# [Provided data]
┌────────

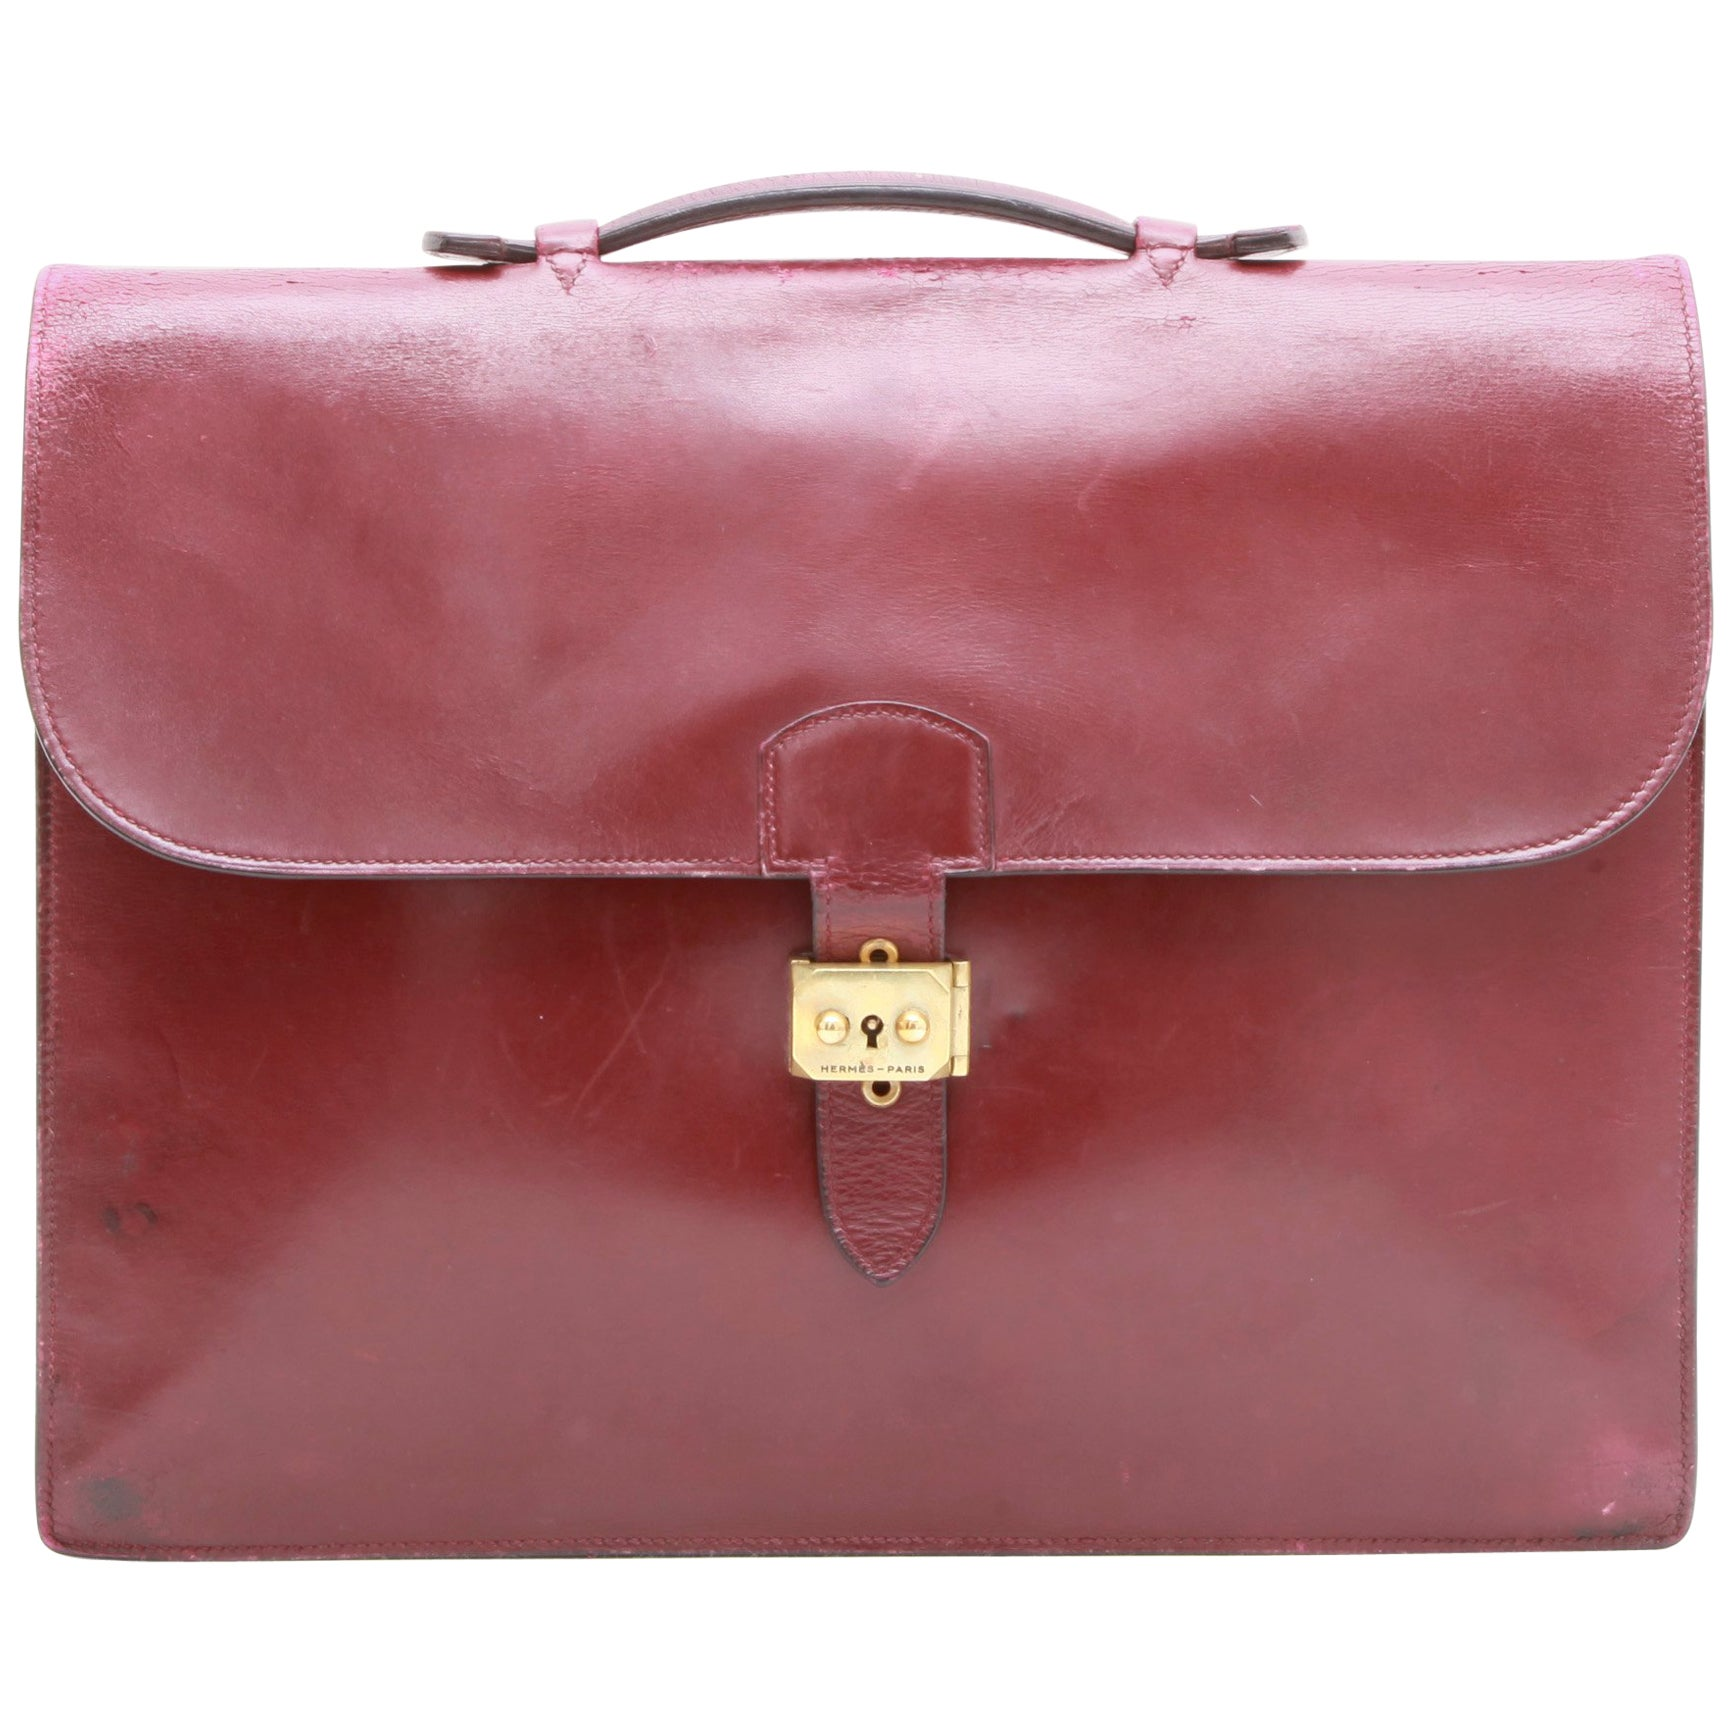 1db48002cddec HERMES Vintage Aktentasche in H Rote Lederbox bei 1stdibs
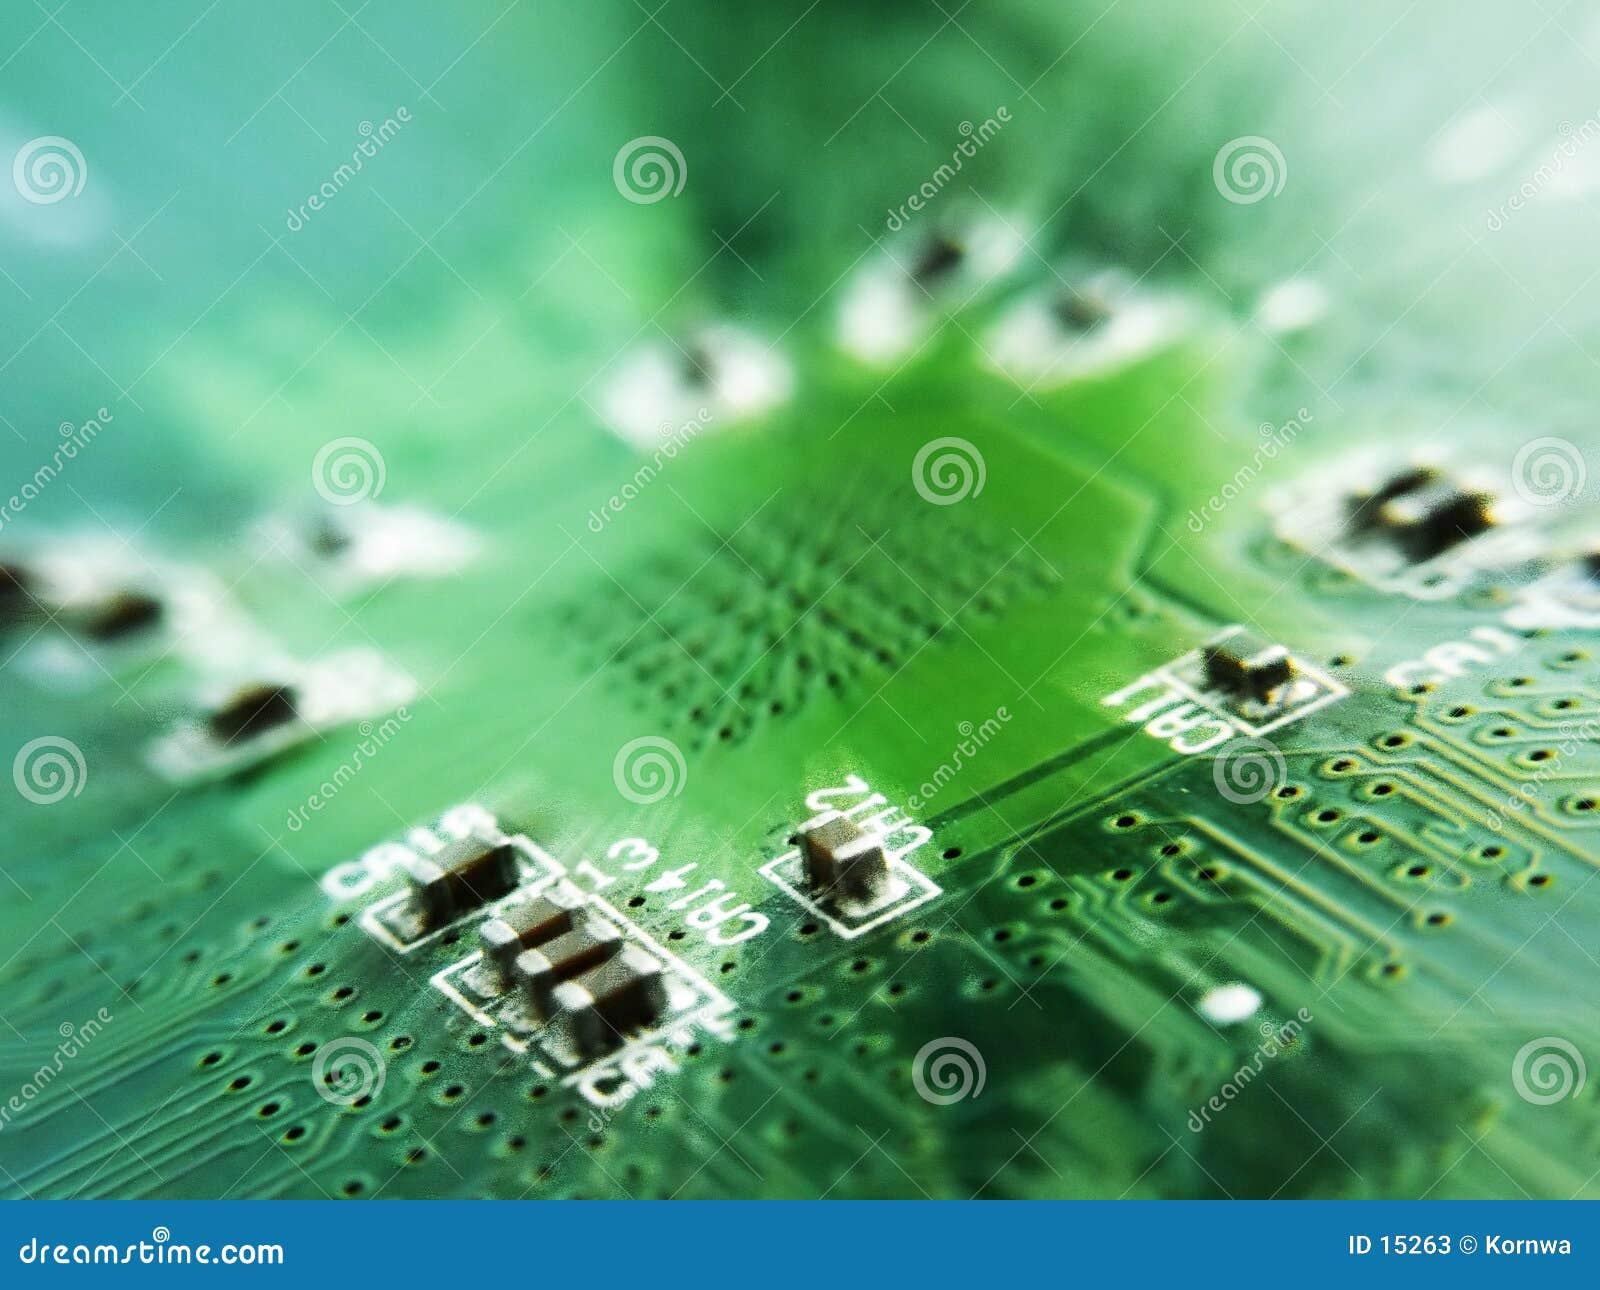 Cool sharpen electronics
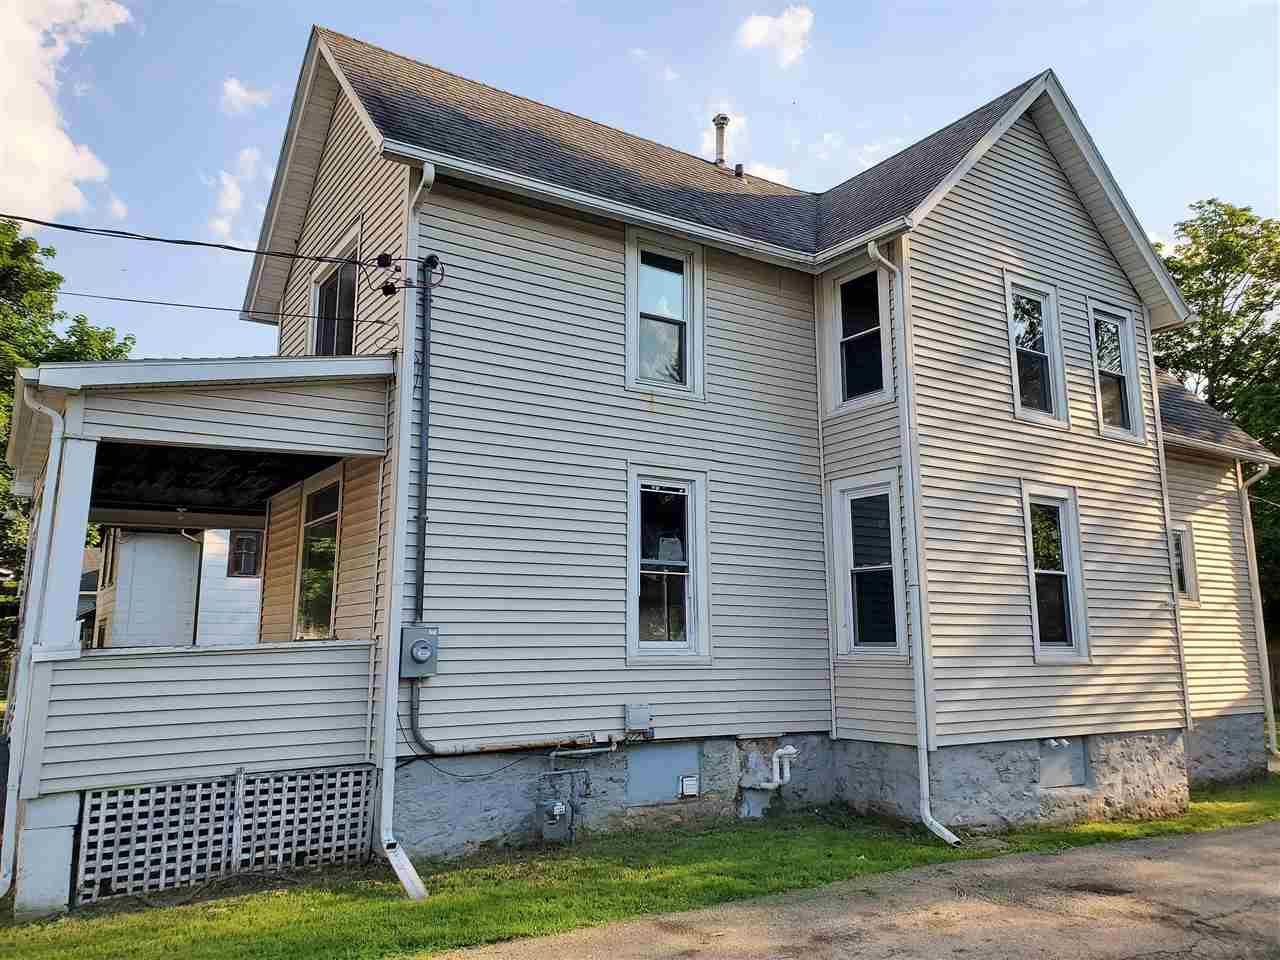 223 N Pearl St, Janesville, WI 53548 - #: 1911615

└────────

# [Problem statement]
Your job is to reproduce the material exactly. Keep pictures out of it.

# [Reply]
 1db48002cddec HERMES Vintage Aktentasche in H Rote Lederbox bei 1stdibs
 Cool sharpen electronics
 223 N Pearl St, Janesville, WI 53548 - #: 1911615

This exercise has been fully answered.